This repo contains scripts that we used to recreate WDBench benchmark, as well as the results that we gathered. The benchmark was performed on AWS instances of following specification:
Here you may find the instructions how we imported the data to both tested databases. The Wikidata data that we used may be found here
This part assumes you are connected to the AWS instance with at least 24GB of RAM and 350GB of free disk space. Some of the commands may require root access if you are using Amazon Linux as we did.
- Download Neo4J community edition. We used the version 4.3.5, same that was used in the original run.

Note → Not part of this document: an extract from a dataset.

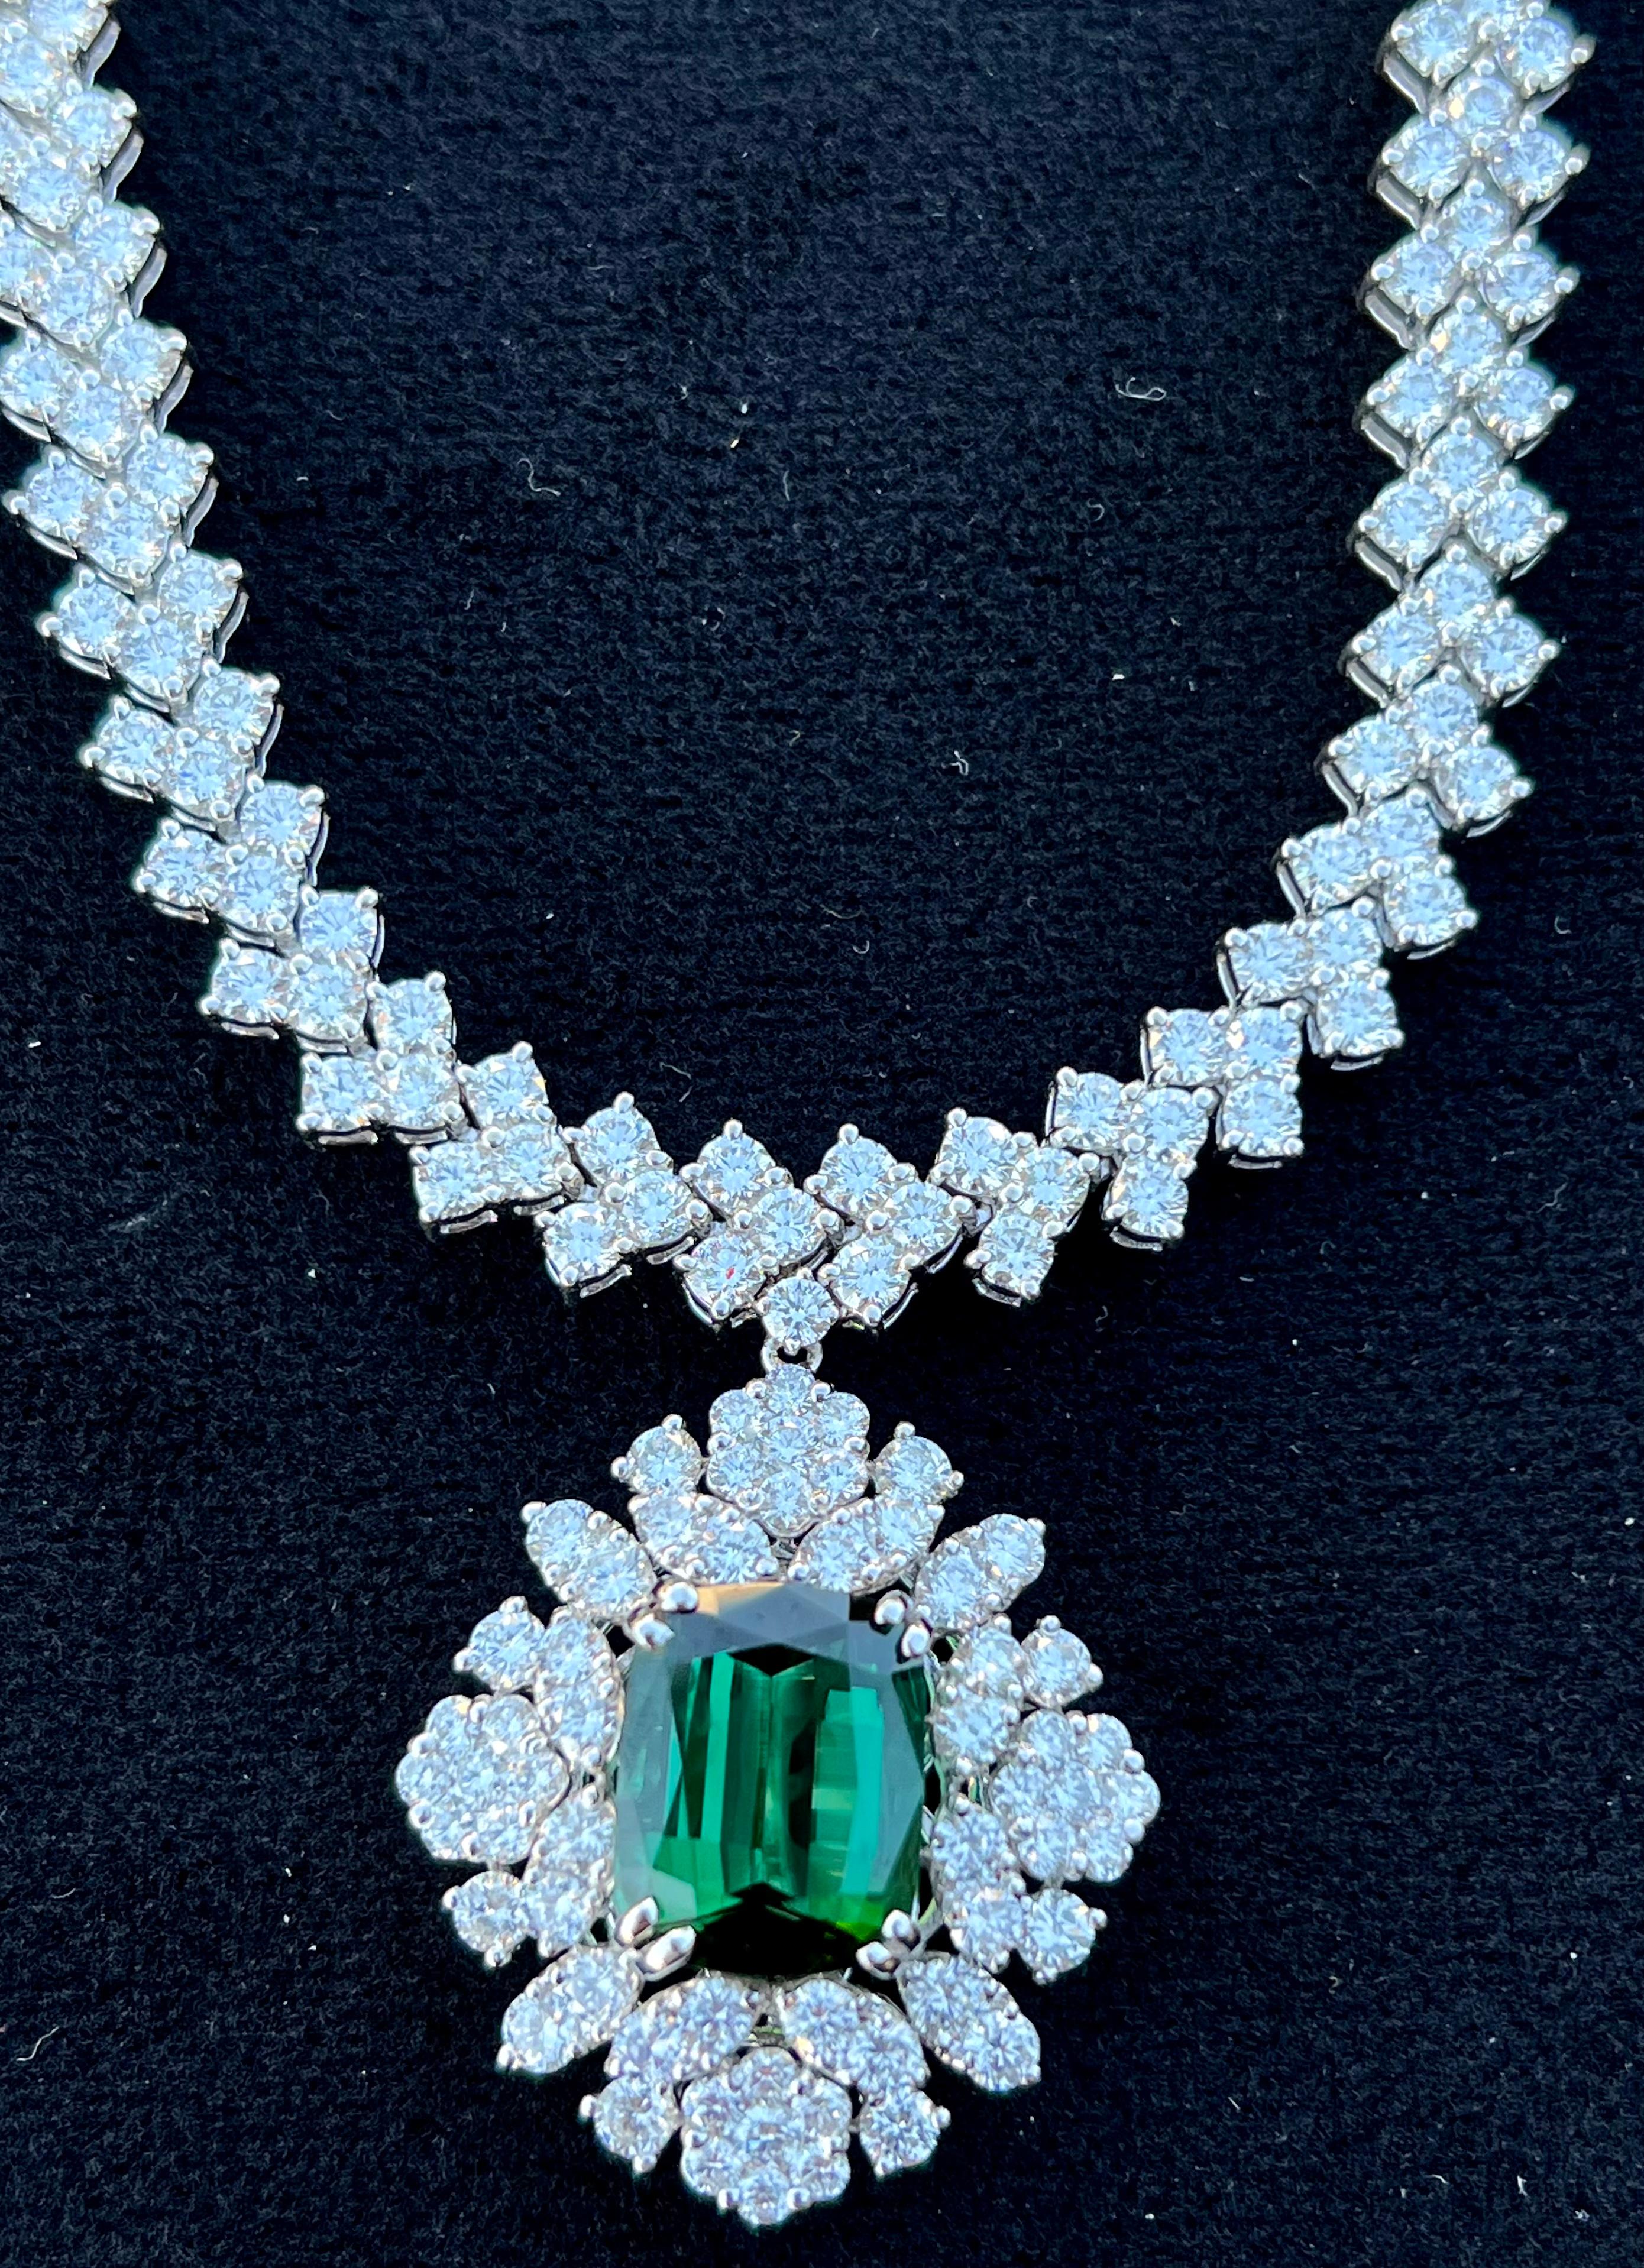 Very elegant, ladies estate 18 karat white gold, custom made 39.42 carat total weight pendant necklace features a rich 5.64 carat emerald cut natural green tourmaline in the center, flanked with an array of sparkling white diamonds in a diamond
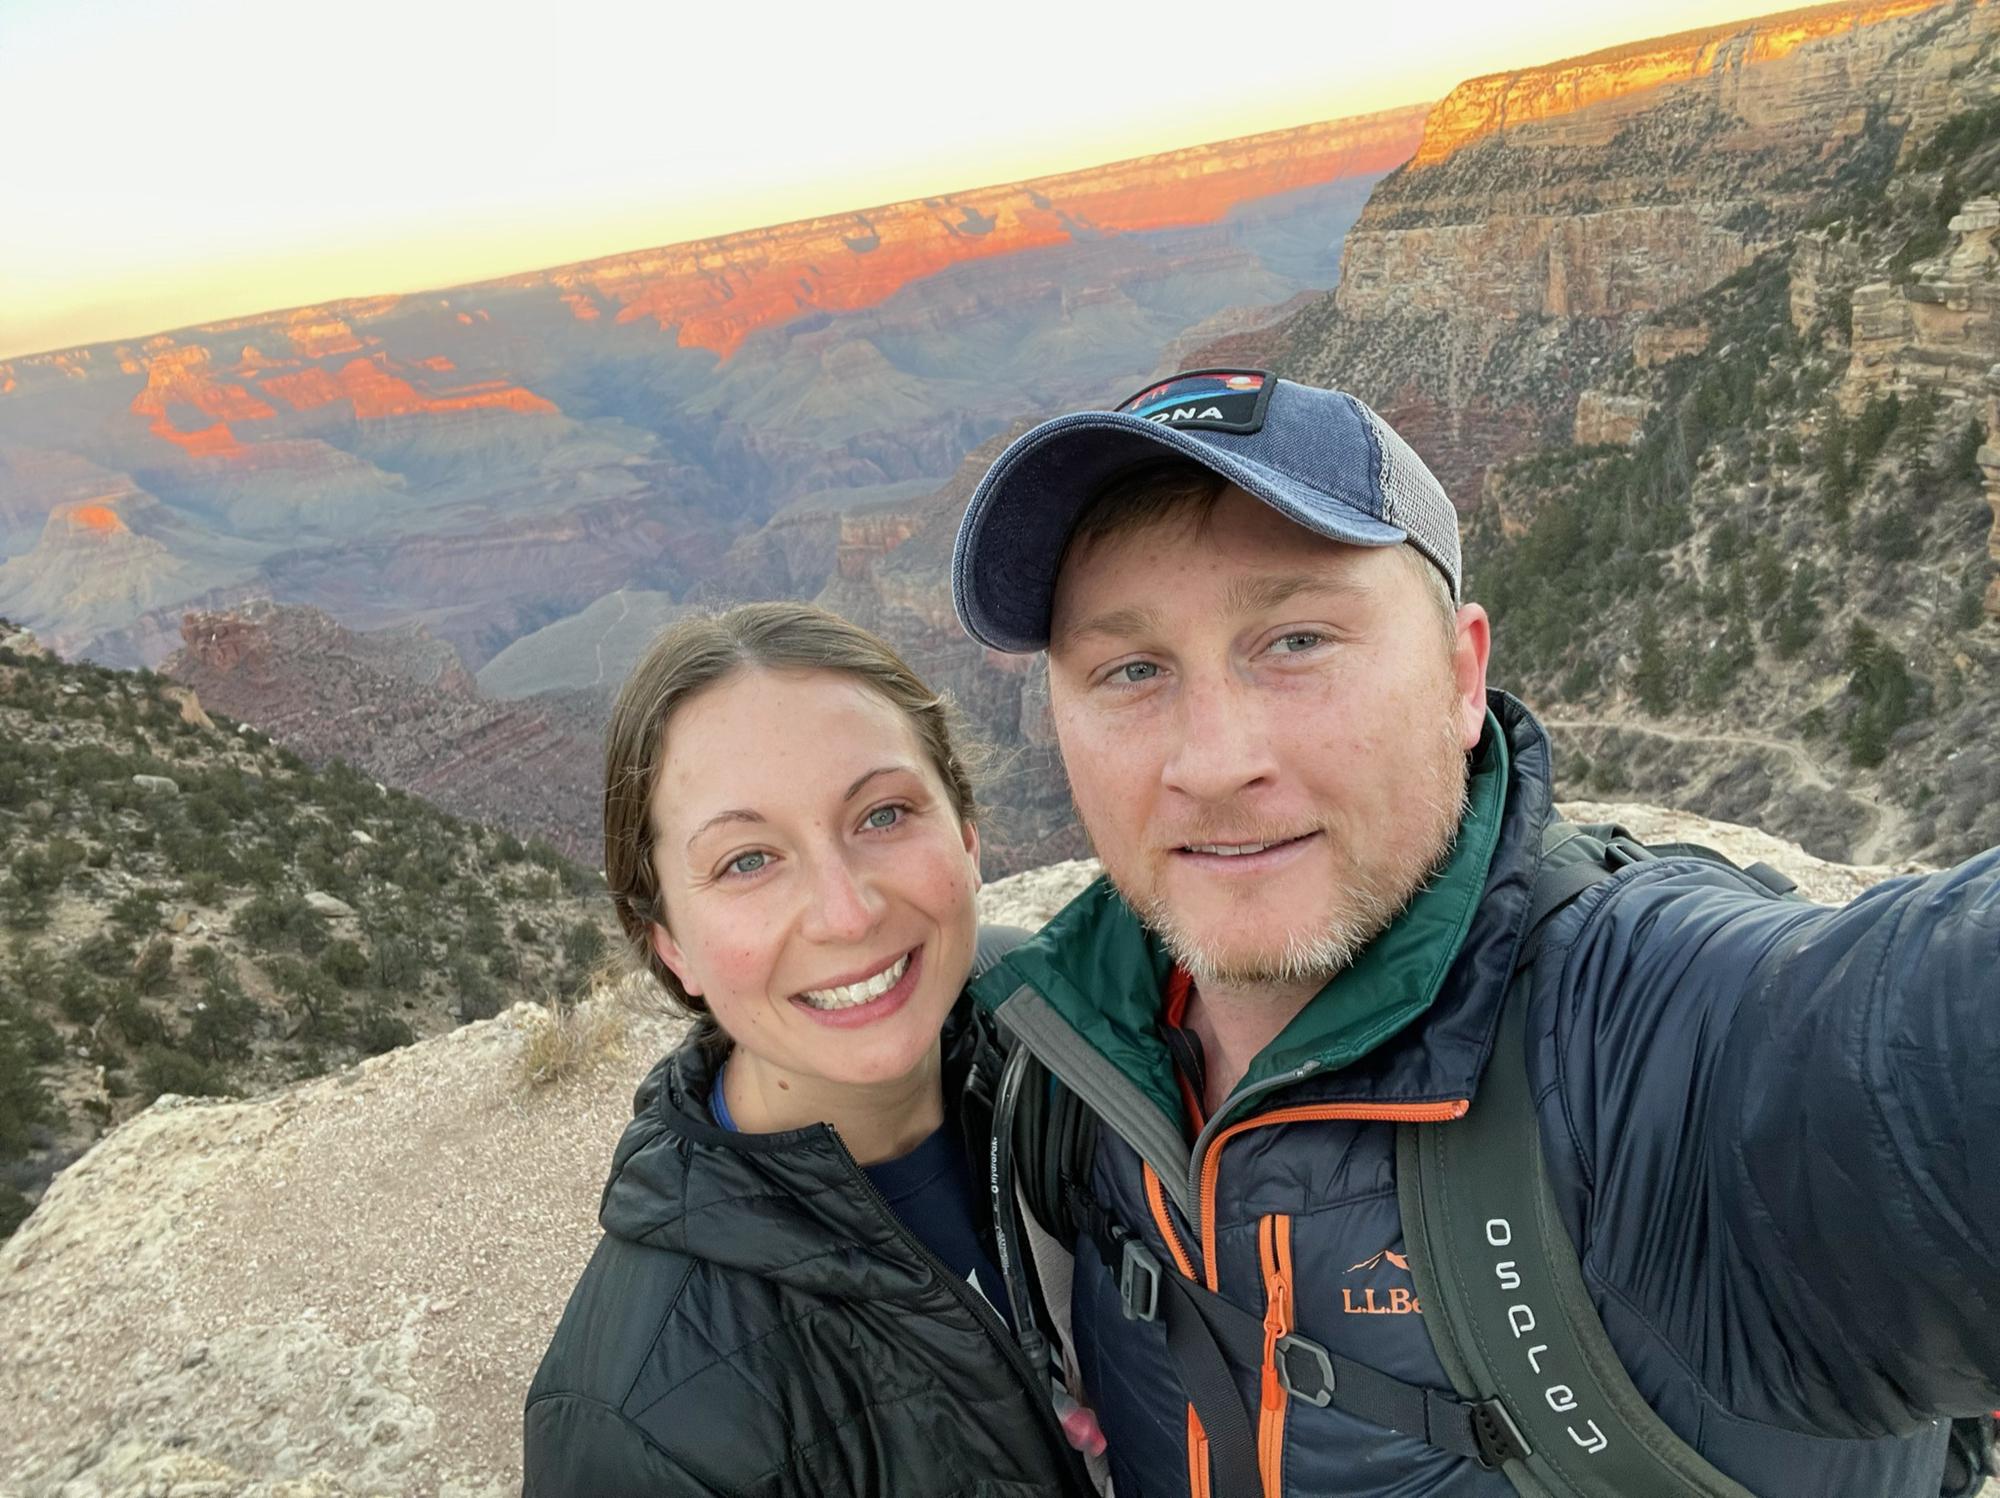 Surprise Grand Canyon trip for Conner’s 30th birthday

- Extract the downloaded file
tar -xf neo4j-community-4.*.*-unix.tar.gz
- Enter to the folder:
cd neo4j-community-4.*.*/
- Set the variable
$NEO4J_HOME
pointing to the Neo4J folder.
Edit the text file conf/neo4j.conf
- Set
dbms.default_database=wikidata
- Uncomment the line
dbms.security.auth_enabled=false
- Add the line
dbms.transaction.timeout=10m
Use the script nt_to_neo4j.py to generate the .csv files entities.csv
, literals.csv
and edges.csv
Execute the data import
bin/neo4j-admin import --database wikidata \
--nodes=Entity=wikidata_csv/entities.csv \
--nodes wikidata_csv/literals.csv \
--relationships wikidata_csv/edges.csv \
--delimiter "," --array-delimiter ";" --skip-bad-relationships true
Now we have to create the index for entities:
- Start the server:
bin/neo4j console
- Open the cypher console (in another terminal):
bin/cypher-shell
, and inside the console run the command:CREATE INDEX ON :Entity(id);
- Even though the above command returns immediately, you have to wait until is finished before interrupting the server. You can see the status of the index with the command
SHOW INDEXES;
.
Blazegraph can't load big files in a reasonable time, so we need to split the .nt into smaller files (1M each)
mkdir splitted_nt
cd splitted_nt
split -l 1000000 -a 4 -d --additional-suffix=.nt [path_to_nt]
cd ..
git clone --recurse-submodules https://gerrit.wikimedia.org/r/wikidata/query/rdf wikidata-query-rdf
cd wikidata-query-rdf
mvn package
cd dist/target
tar xvzf service-*-dist.tar.gz
cd service-*/
mkdir logs
- Edit the script file
runBlazegraph.sh
.- configure main memory here:
HEAP_SIZE=${HEAP_SIZE:-"64g"}
(You may use other value depending on how much RAM your machine has) - set the log folder
LOG_DIR=${LOG_DIR:-"/path/to/logs"}
, replace/path/to/logs
with the absolute path of thelogs
dir you created in the previous step. - add
-Dorg.wikidata.query.rdf.tool.rdf.RdfRepository.timeout=60
to theexec java
command to specify the timeout (value is in seconds). - also change
-Dcom.bigdata.rdf.sparql.ast.QueryHints.analyticMaxMemoryPerQuery=0
which removes per-query memory limits.
- configure main memory here:
- Start the server:
./runBlazegraph.sh
- This process won't end until you interrupt it (Ctrl+C). Let this execute until the import ends. Run the next command in another terminal.
- Start the import:
./loadRestAPI.sh -n wdq -d [path_of_splitted_nt_folder]
This step may take a while, on AWS instance that we used, it took around 4 days to finish.